La tredicesima mensilità non è un bonus extra né un premio di fine anno: è una quota dello stipendio che viene maturata mese dopo mese e che viene semplicemente corrisposta tutta insieme a dicembre. Una forma di salario “spostata nel tempo”, pensata per garantire liquidità in un periodo dell’anno tradizionalmente più oneroso.

Cos’è davvero la tredicesima

Per i lavoratori dipendenti, la retribuzione annuale non viene divisa in dodici parti, ma in tredici. Questo significa che ogni mese una piccola porzione dello stipendio viene accantonata e restituita a fine anno.
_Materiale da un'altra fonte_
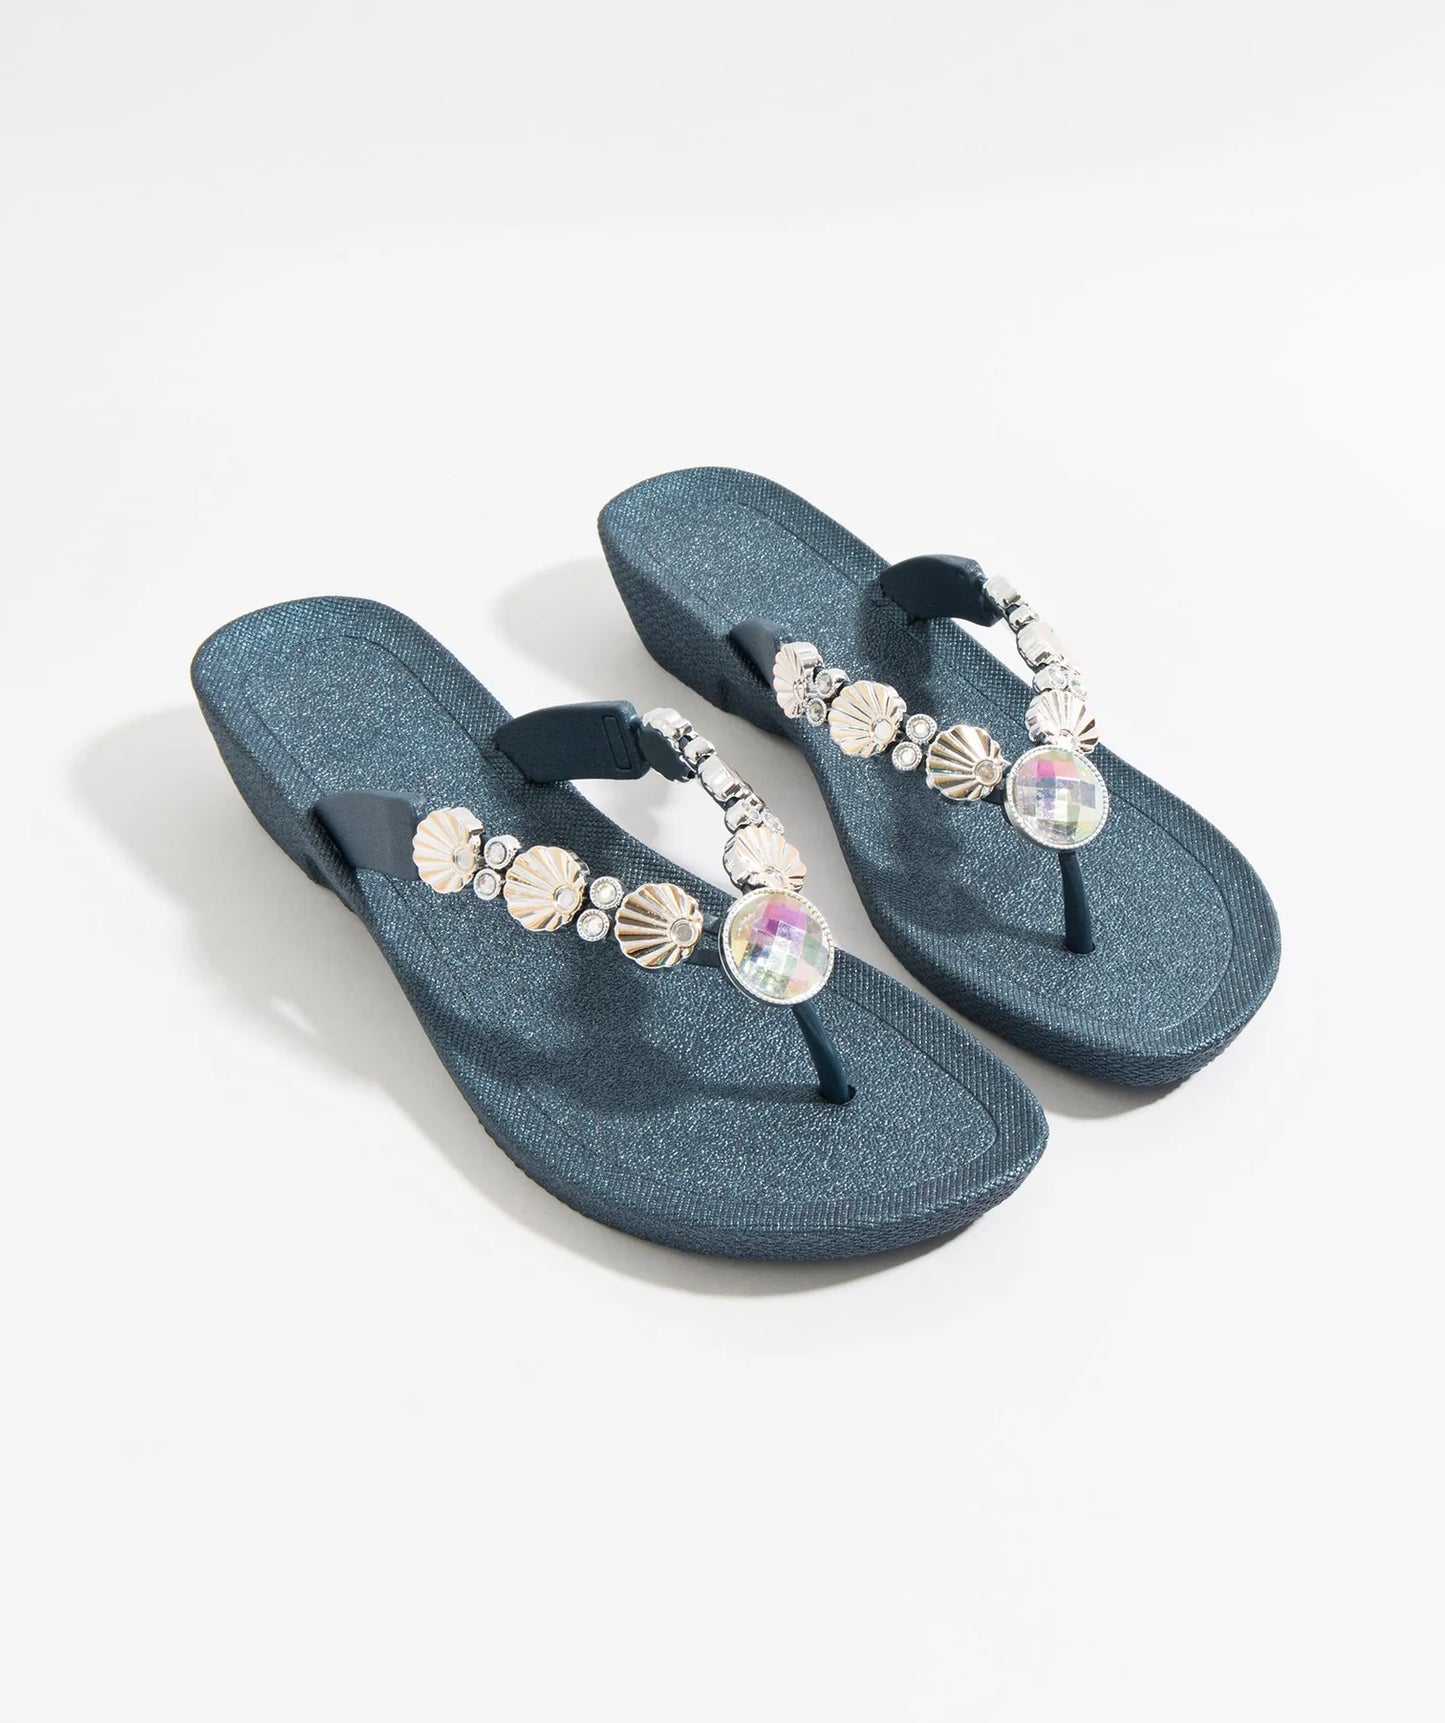 Pia Rossin Seychelles sandals 2 colours

Se il salario annuo lordo è, ad esempio, di 26mila euro, la busta paga mensile viene calcolata su tredici mensilità e non su dodici.
Il risultato? A dicembre arriva una somma più consistente, ma sono soldi già guadagnati, non aggiunti.

La tredicesima spetta ai lavoratori dipendenti – anche part-time o a tempo determinato – e ai pensionati. Non è prevista invece per autonomi, freelance e molte forme di lavoro “ibrido”, come alcune collaborazioni continuative.

Chi la paga e perché

Nel caso delle pensioni, l’erogazione è a carico dell’INPS; per i lavoratori dipendenti, è il datore di lavoro a versarla. Ma non si tratta di un costo extra per l’azienda: è parte integrante della retribuzione complessiva.

Un diritto storico, ma non per tutti

La tredicesima nasce negli anni Sessanta, nel pieno delle conquiste sindacali, ed è oggi un diritto consolidato e non rinunciabile. Tuttavia, racconta anche una frattura profonda del mercato del lavoro italiano: chi è tutelato e chi no.
Mentre alcuni lavoratori godono di diritti acquisiti, una parte crescente della forza lavoro ne resta esclusa. È quella che gli economisti definiscono “dualità del mercato del lavoro”: una divisione che alimenta dibattiti politici e sociali ancora aperti.

Forse, allora, la vera domanda non è se la tredicesima sia un regalo.
Ma perché, nel 2025, non tutti possano contare sugli stessi diritti.